Borges se basó para su poema en la novela “El Golem” de Gutav Meyrink, la


cual se encuentra inspirada en la leyenda de Judah Loew Ben Bezalel, un
conocido rabino del siglo XVI que se dice, creó al Golem para defender el gueto
de Praga de los ataques antisemitas de su época. La creación de vida por parte
del hombre es un tópico común: los homúnculos de Paracelso, los complejos
autómatas medievales, el Frankenstein de Mary Shelley o el Pinocho de
Lorenzini, pero también los actuales sueños informáticos de una posible
inteligencia artificial. El Golem es una vieja versión de una más vieja aspiración
humana.

Para la tradición judía, el ser creado nunca puede llegar a ser más que una
sombra de aquél que lo creó, una imagen, y en este caso, una imagen de una
imagen: todo Golem carece de alma. Si se le ordena llevar a cabo una tarea, la
llevará a cabo de un modo sistemático y literal; no hay metáfora allí.
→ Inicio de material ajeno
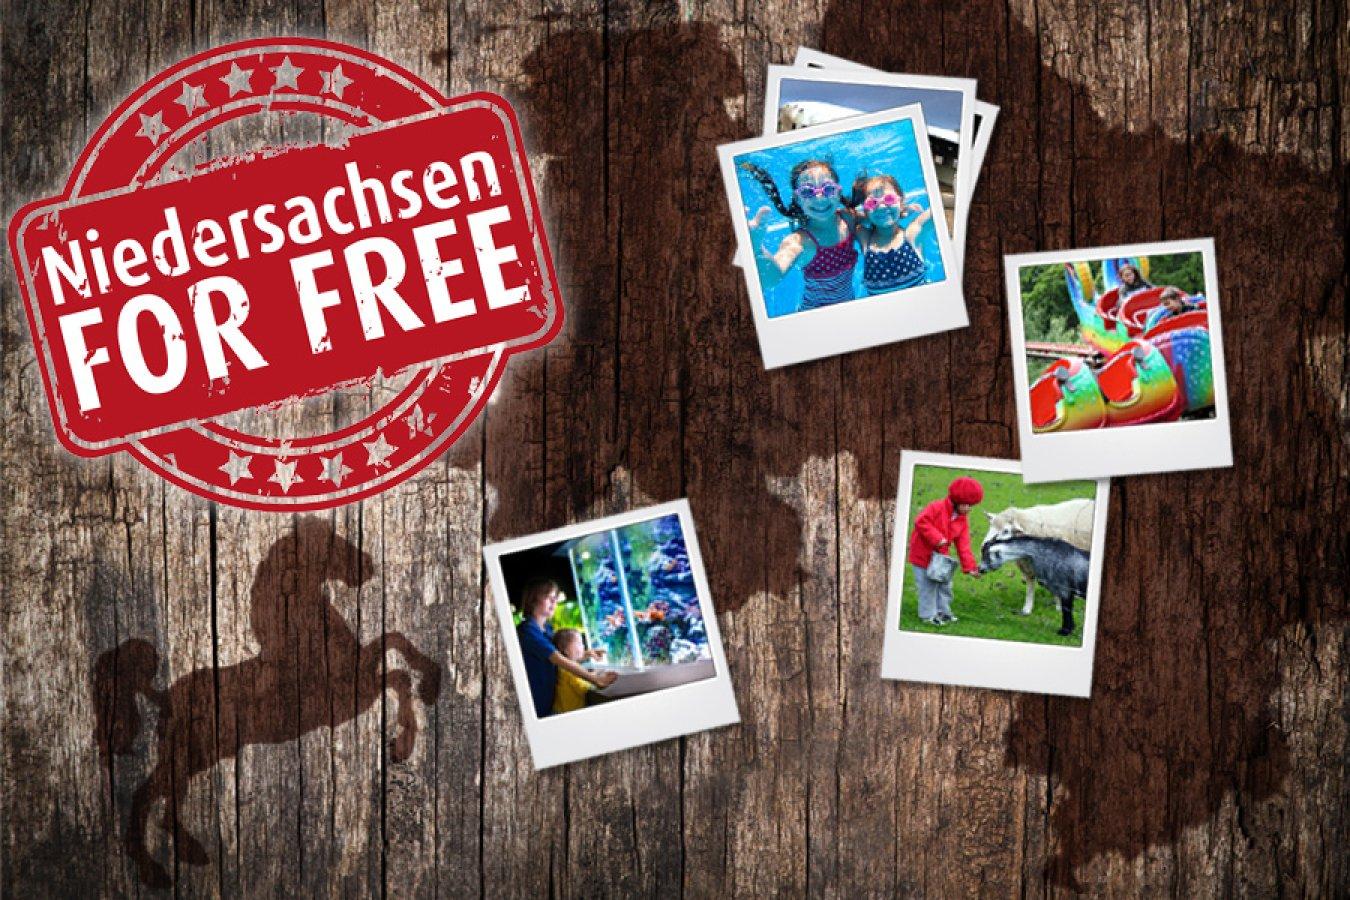 Niedersachsen for FREE - Kostenlos in Parks, Museen, Bäder, etc. in Niedersachsen in den Herbstferien (04.-15.10.2016)
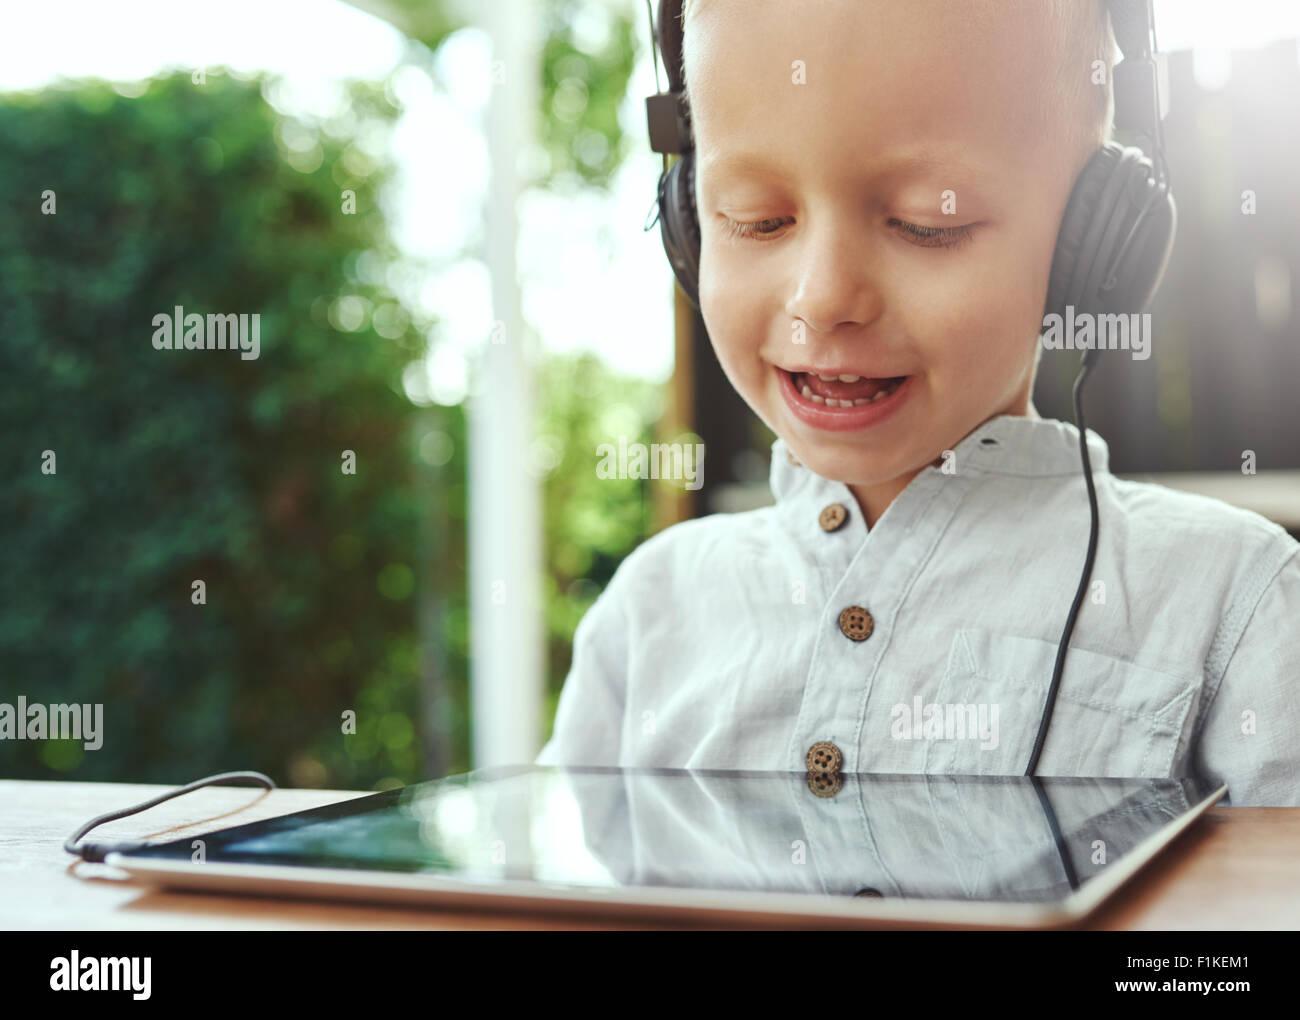 Adorable pequeño muchacho escuchando música grabada en su tablet pc usando auriculares con una encantadora Imagen De Stock

Se cuenta que la esposa del rabino Lowel le pidió al Golem que fuera «al río a
sacar agua»; la criatura obedeció, fue al río y comenzó a sacar agua sin parar,
hasta que terminó por inundar la ciudad. La pregunta es si toda criatura solo
puede aspirar a ser una imagen de su creador; si de poder crear vida,
necesariamente esa vida será peor, más imperfecta. Tal vez sea solo un
prejuicio religioso. A fines de prevenir el sacrilegio, conviene pensar que la
criatura únicamente puede llegar ser una imagen porqué sino, la alta altura de
Dios puede que no sea tan alta. Además valdría preguntarnos seriamente, si
todo hombre tiene alma y si no hay hombres de carne y hueso que solo
obedecen sin cuestionar, como meros Golems.